Пригнали технику с оборудованием, открыли свежевыкрашенные ворота – и первый же грузовик встал как вкопанный.

Генератор не пролезал в ворота – те были уже на полметра – примерно как рояль в форточку.

Янссен открывал и закрывал рот – беззвучно, как рыба, вынутая из воды и обнаружившая, что воздух ей не подходит. Ван дер Берг снял очки, протёр, надел. Ничего не изменилось – генератор по-прежнему не влезал. Де Йонг, разумеется, сфотографировал.

Воронов закурил. Матерился долго, обстоятельно, с уральским размахом – даже голландцы, не понимавшие ни слова, почувствовали масштаб.

– Михалыч!

– Так это, Пётр Степаныч… Ворота-то по чертежу. А что широкие ворота – тепло уходит. Мы и сузили. На отоплении сэкономили.

– А оборудование?! Как заносить?!

– Про оборудование разговора не было – был про размеры, а это, извините, другая статья. Размеры – правильные. Сами мерили. А ворота – это ворота. Отдельная статья.

Янссен сел на ящик и заплакал – молча, без звука, как плачут люди, осознавшие что-то важное про устройство мира – ни в одном учебнике Гарварда такого не найти.

* * *

Воронов стоял посреди цеха, смотрел на генератор, не влезавший в ворота, и думал о том, что в сорок первом было проще. Враг понятный, цель ясная, а если кто-то строил не по чертежу – того ставили к стенке, и все учились на примере. Теперь – демократия, теперь нельзя, теперь надо «разговаривать» и «искать решения».

– Крышу. – Он затушил папиросу.

– Что? – Ван дер Берг вздрогнул.

– Крышу разберём. Краном опустим оборудование сверху. Крышу соберём обратно.

– Но это же… Это же…

– Здесь по-другому не умеют. Зато умеют вот так.

* * *

– И что? – Валера слушал, забыв про сигарету, догоравшую до фильтра.

– Разобрали, – Сергей утёр слёзы. – Опустили. Собрали. Полтора года провозились. Голландцы поседели все трое. Янссен заикается. Де Йонг написал книгу – «Мой русский кошмар», бестселлер в Нидерландах. А генерал каждый раз, когда они начинали возмущаться, говорил одно и то же: «Это Урал. Здесь так». И знаешь что?

– Что?

– Линия работает. – Сергей развёл руками. – Голландцы наладили, проверили, акт подписали. Единственная линия по производству CD во всей стране. Миллионы валюты.

– И?

– И ничего. – Сергей расхохотался тем смехом, от которого хочется налить себе водки, даже если ты трезвенник. – Заказов ноль. Директор в отчаянии – план горит, зарплату платить нечем. Цех стоит, оборудование пылится, голландцы счета шлют. А генерал не понимает – зачем ему эти диски? Он ракеты любит. Ракеты летят, падают, взрываются. А диски? Кому они нужны?

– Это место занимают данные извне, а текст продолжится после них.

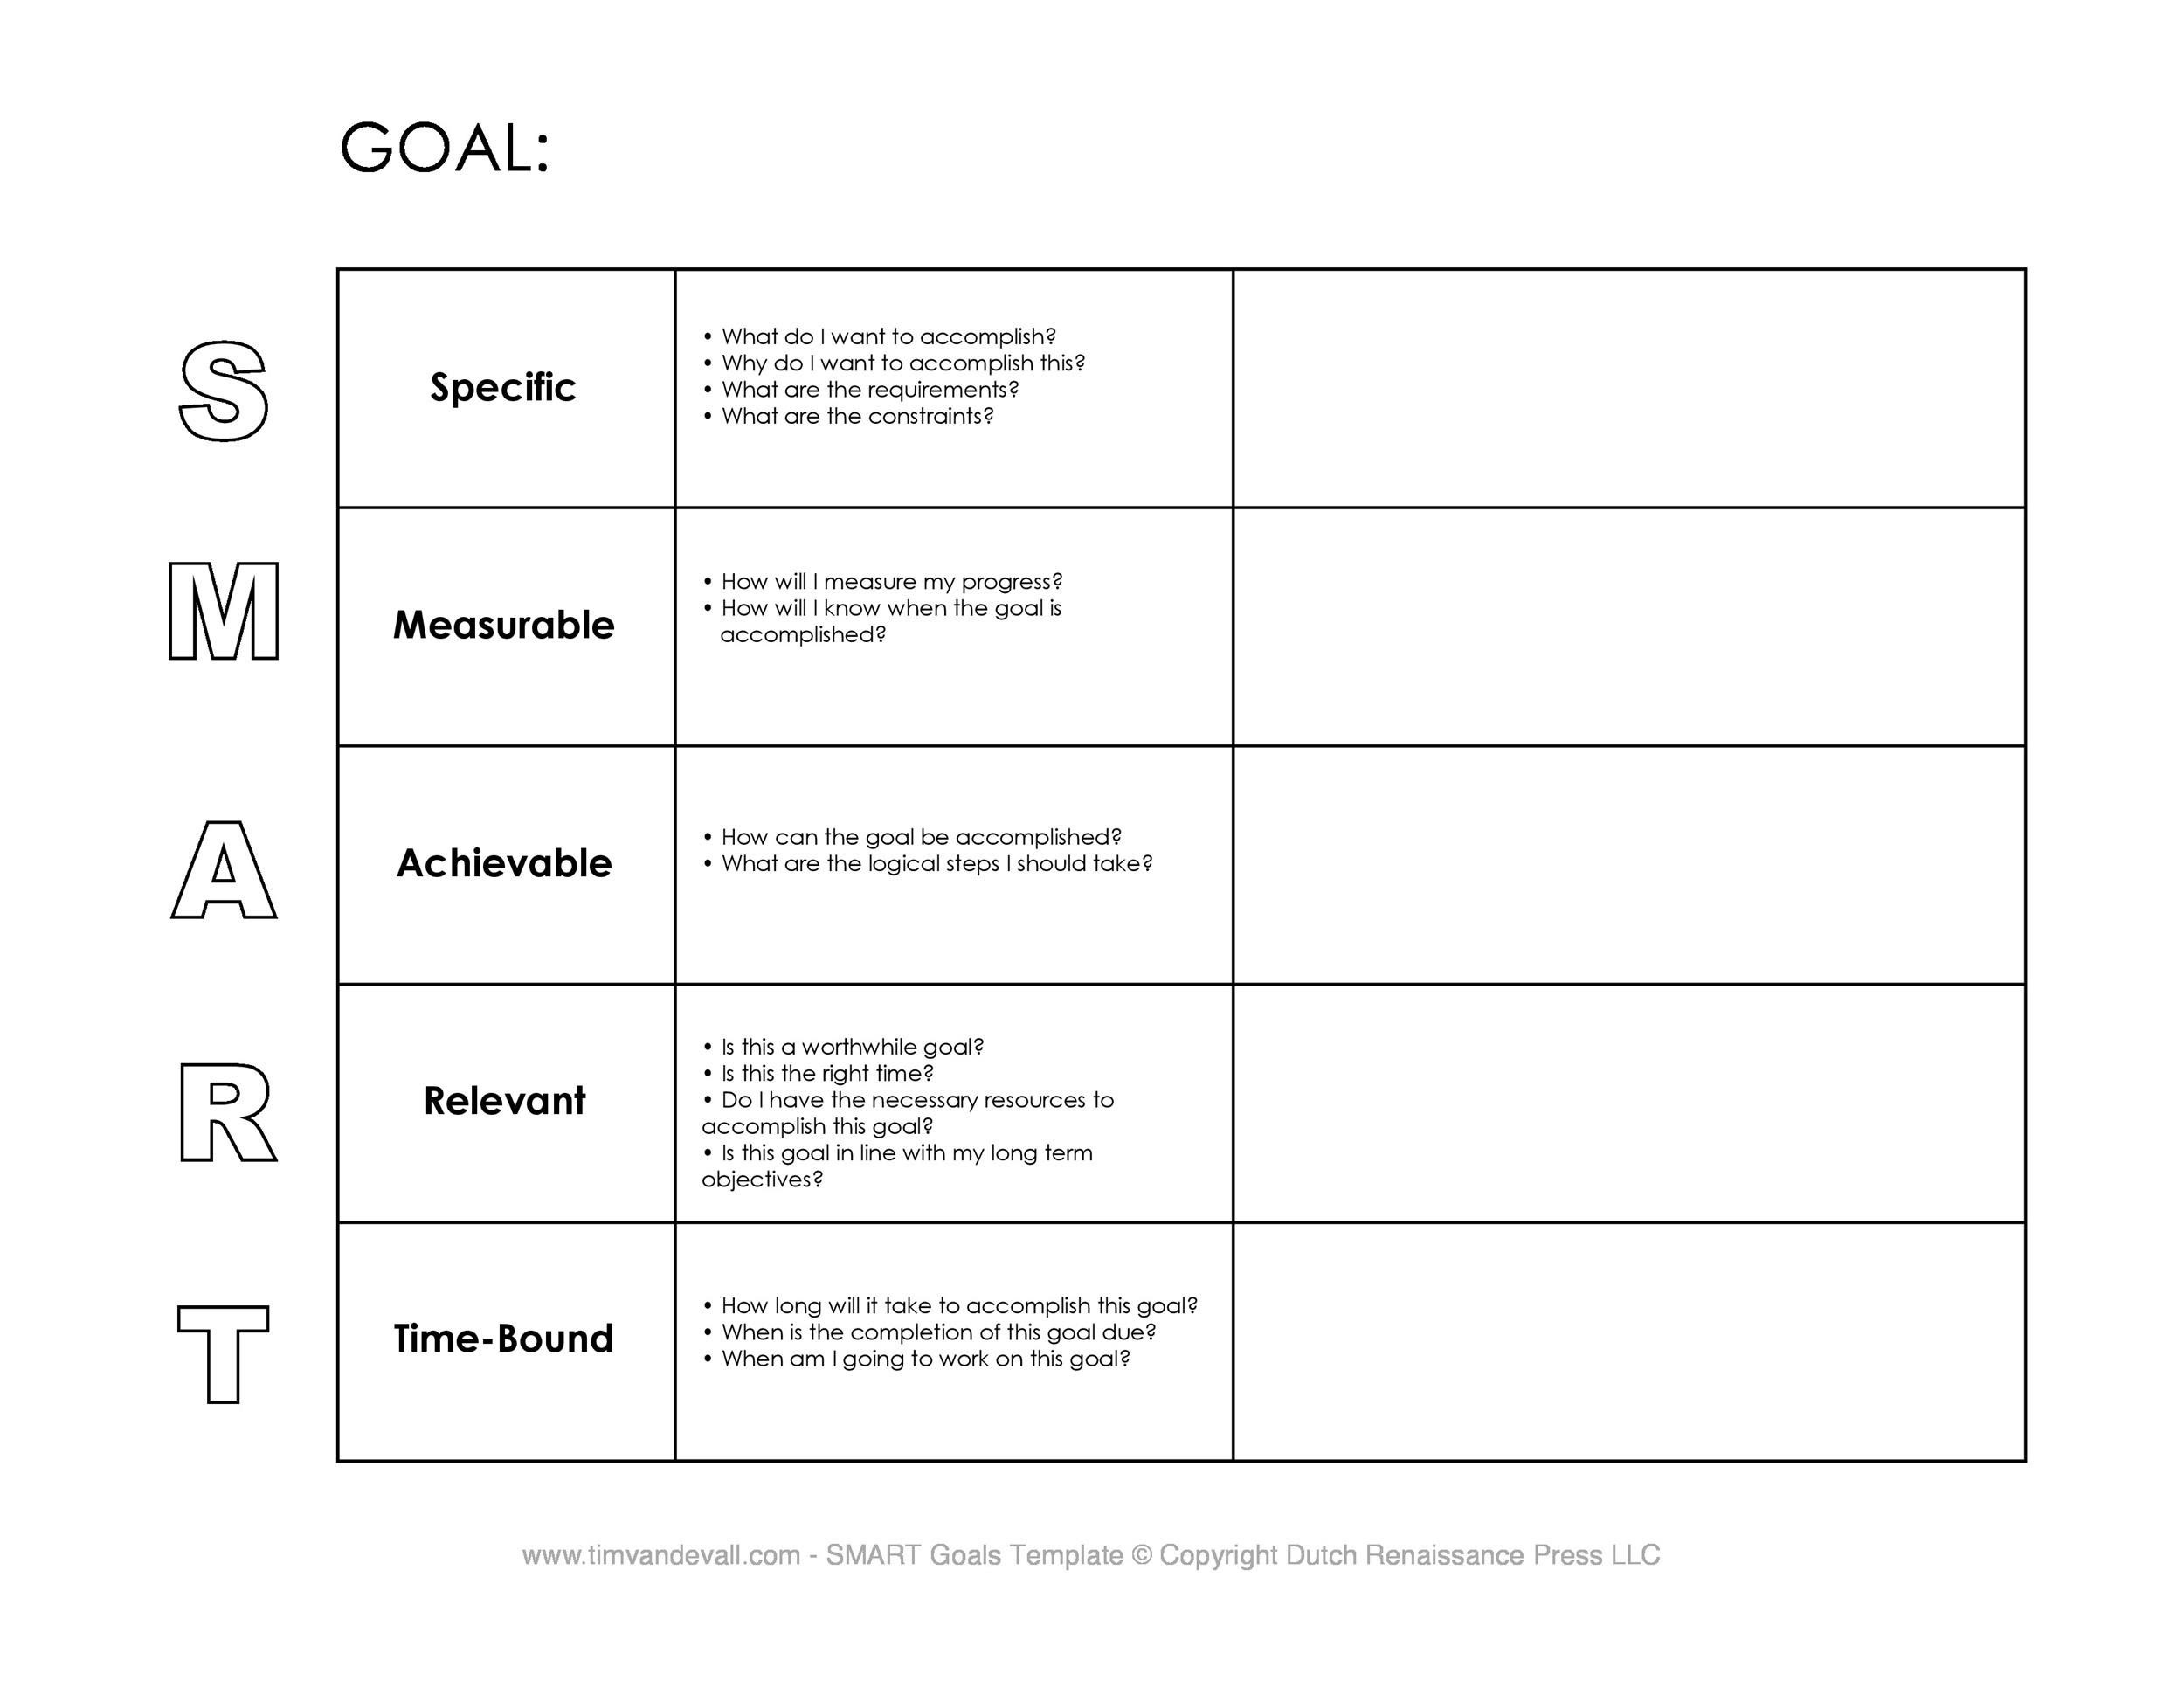 goal-setting-sample-example-of-goals-and-objectives-master-template

Помолчал, вертя в руках пустой бокал:

– Вот так всегда. Хотели как лучше, получилось как обычно. Ракеты делать умеем, а музыку… Кому она нужна на дисках? Проигрывателей три штуки. И те – у депутатов.

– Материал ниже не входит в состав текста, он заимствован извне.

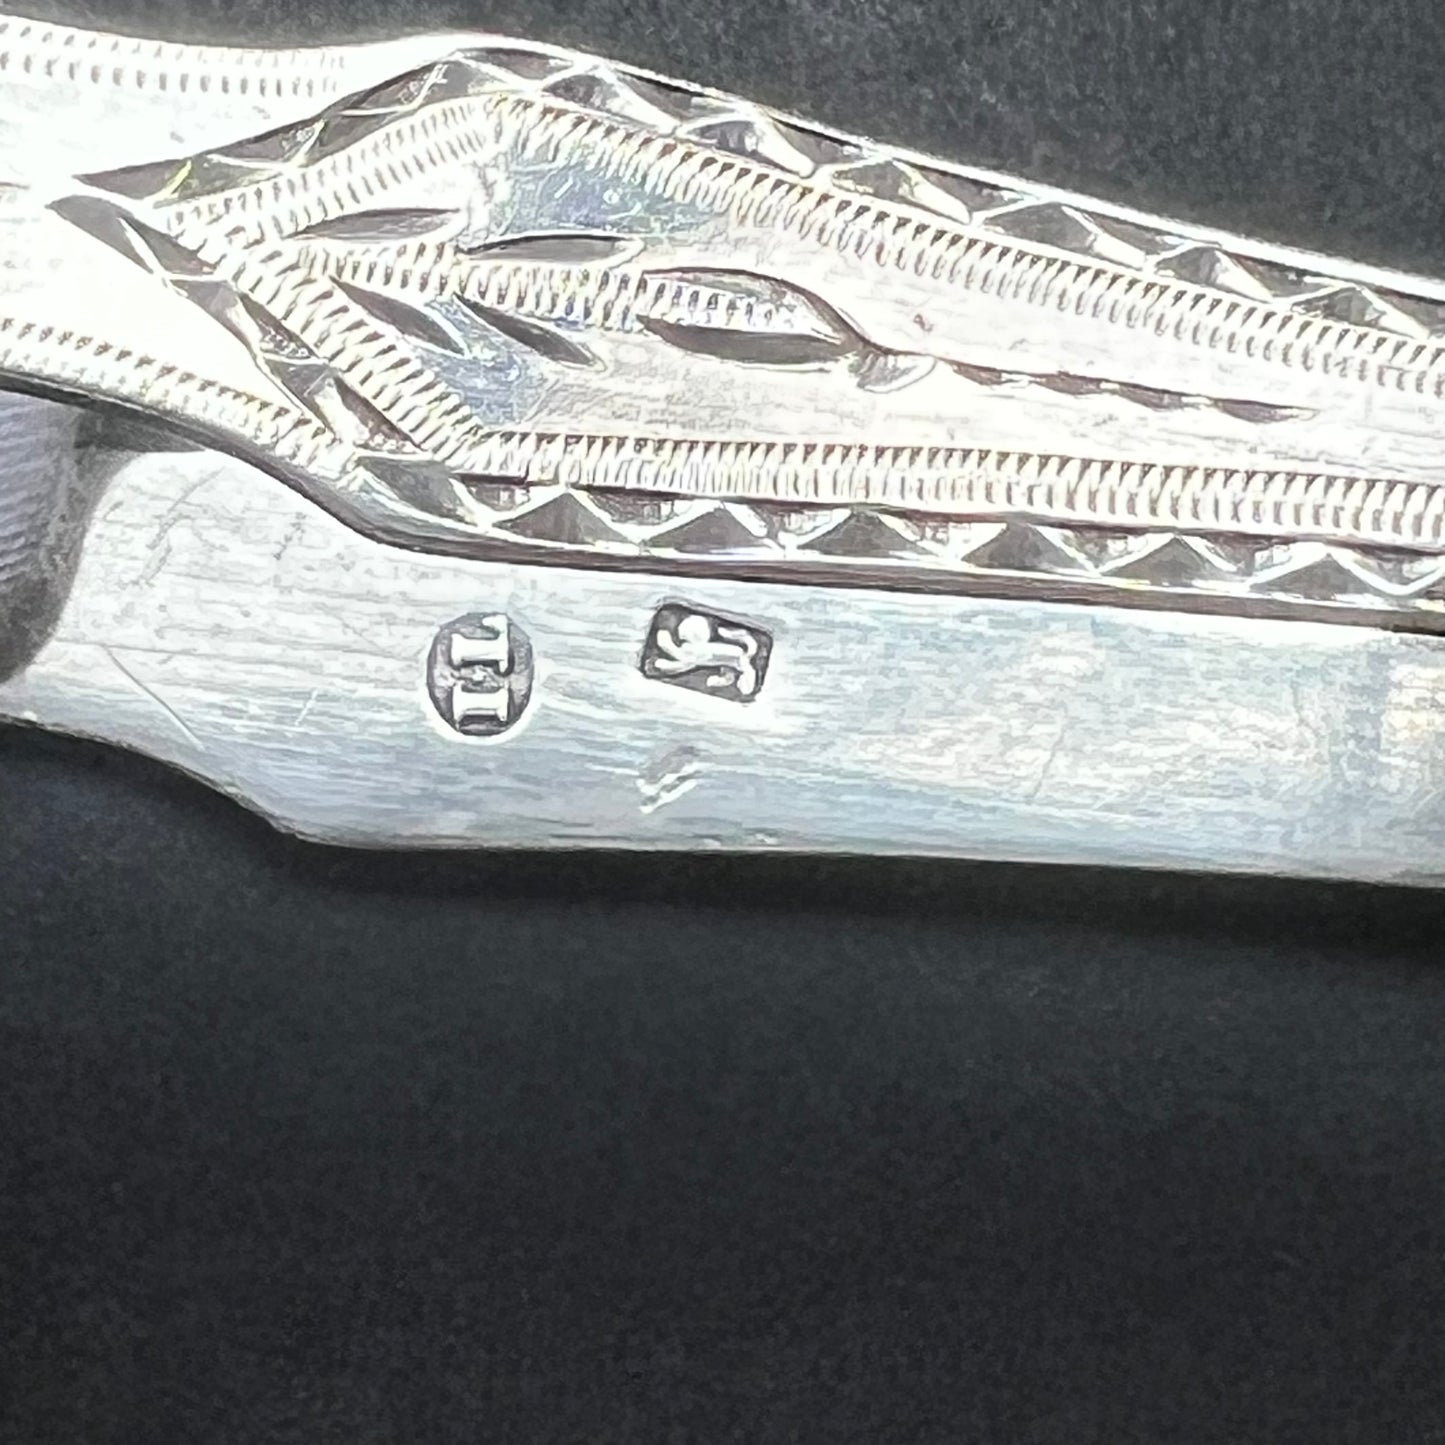 Late Georgian to Regency English provincial sterling silver tongs with thick gauge and crisp hallmarks. John Langlands II, Newcastle, 1796 to 1802

Валера не ответил – глядел на Сергея другим взглядом – знакомым и пугающим. Взглядом человека, у кого в голове что-то щёлкнуло, соединилось, заработало. Так щёлкают замки на сейфах – и тем, кто слышит этот щелчок, становится либо очень хорошо, либо очень плохо, – а в России, как правило, второе, но попробуй объясни это человеку, у которого горят глаза.